Nach einem Tag Aufenthalt in Amsterdam ging es dann weiter nach Norden. Eigentlich war das Ziel Enkhuizen. Aber auch heute stimmte die Windvorhersage so gar nicht. Es begann mit fast nichts und steigerte sich dann fast schneller als wir reffen konnten auf 7 Beaufort. Das ganze natürlich direkt gegen an. Als uns dann kurz vor Volendam beim 2. Reffen auch noch die Fockschot trotz Achtknotens durch rauschte, holten wir alle Segel runter und blieben in Volendam.
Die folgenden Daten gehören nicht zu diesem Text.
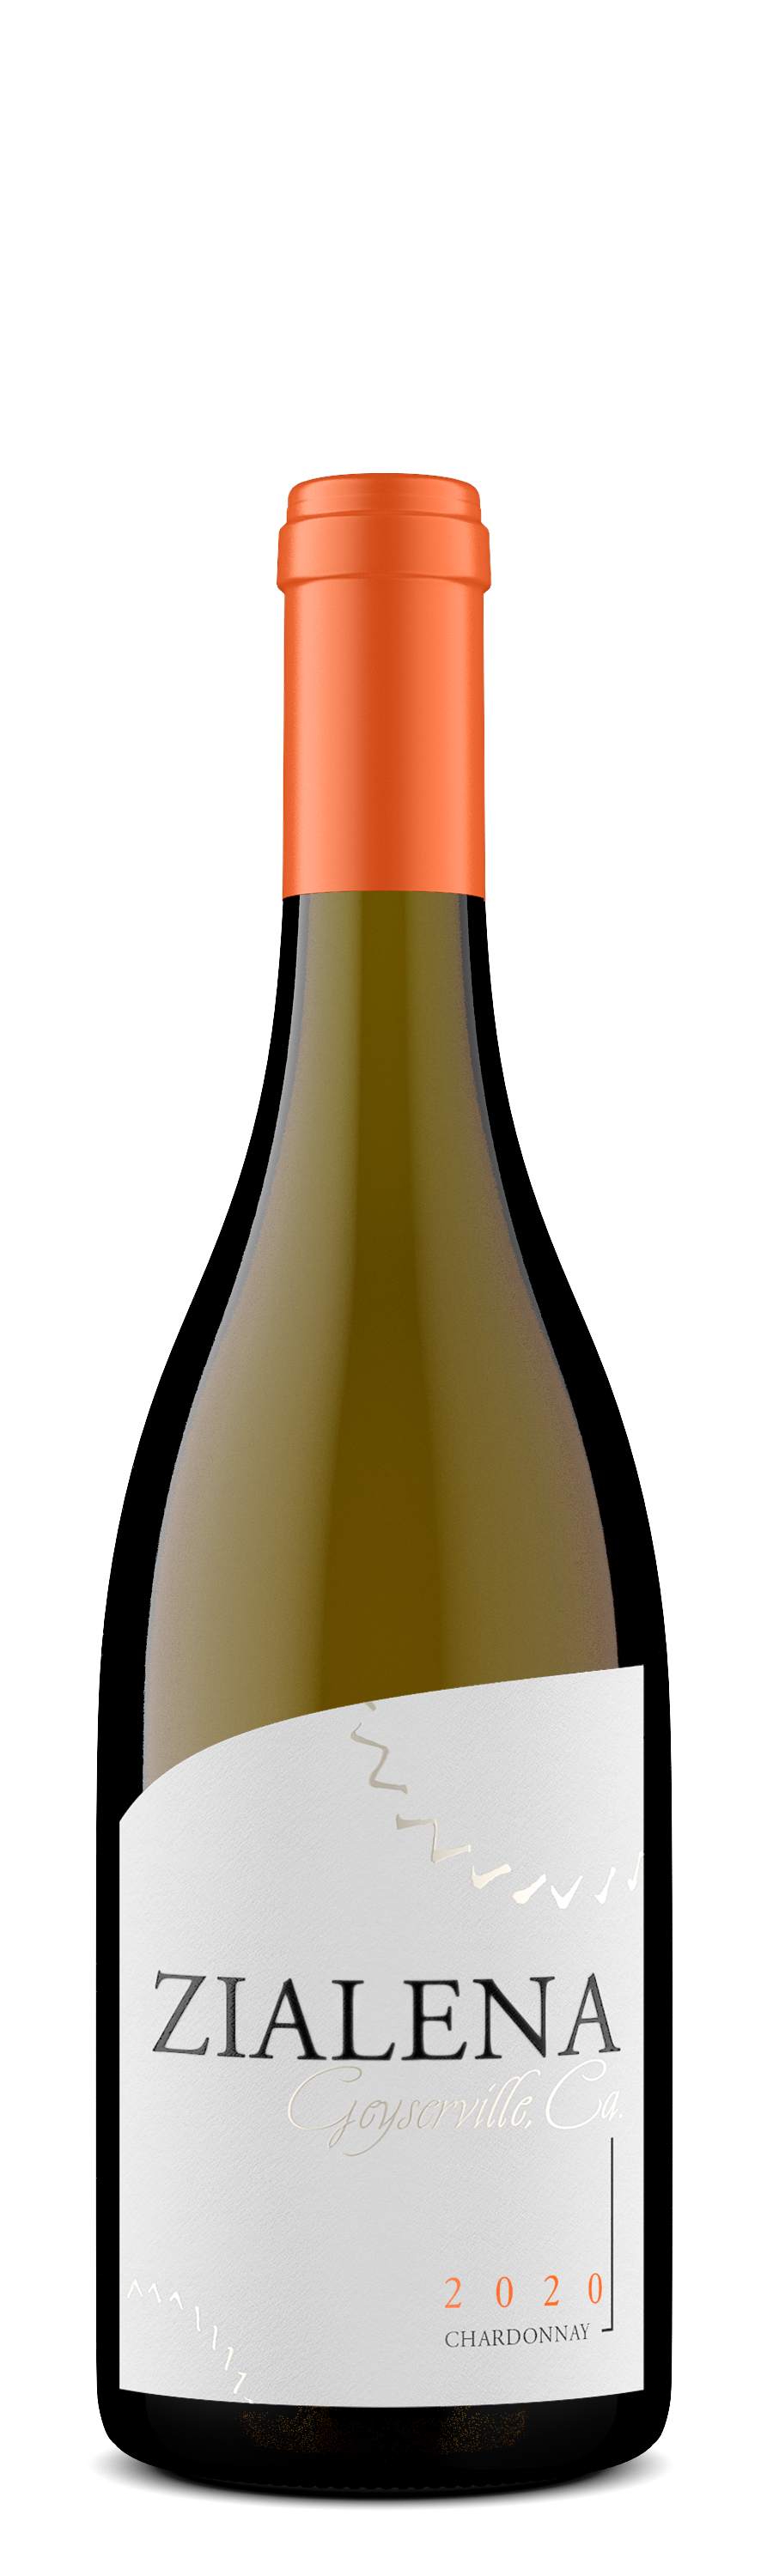 Product Image for 2020 Chardonnay

Am nächsten Tag wieder das gleiche Spiel. Auf der Strecke Volendam bis Enkhuizen fast nichts. Kurz vor der Schleuse brauste der Wind auf. Wir hatten uns auf ein problemloses Schleusen eingestellt, weil hier anders als in Ijmoiden fast kein Schiff vor uns zur Schleuse fuhr. Dann aber nach der Kurve sahen wir womit wir nicht gerechnet hatten. Die Schiffe hatten in Dreierreihen festgemacht und andere pendelten davor hin und zurück. Die Schleuse hatte einen Stromausfall. Es dauerte ca. 1 Stunde bis wieder alles funktionierte und wir kamen auch wieder bei der 2. Schleusung mit. Diesmal konnten wir aber nicht an einer Schleusenwand festmachen, sondern mussten uns in der Mitte durch hangeln und an einem deutlich kleineren als dem unseren festmachen. Trotzdem, es klappte alles prima. Nachdem wir den Kanal in Enkhuizen verlassen hatten, wurden die Segel gesetzt und der Kurs zeigt bei 4 Beaufort mit Halbwind Richtung Hindeloopen. Traumsegeln. Der Wind entwickelte sich auf der Strecke immer mehr in Richtung 7 Beaufort und kam immer vorlicher, so dass zum Schluss wieder das 2. Reff hart am Wind stand.
Es waren segeltechnisch sportliche Tage rund Nordholland in denen wir 138 Seemeilen zurücklegten, mindestens die Hälfte der Zeit im 2. Reff gegen an waren, die aber trotz der Kälte viel Spaß gemacht haben und in denen wir wieder vieles dazu gelernt haben.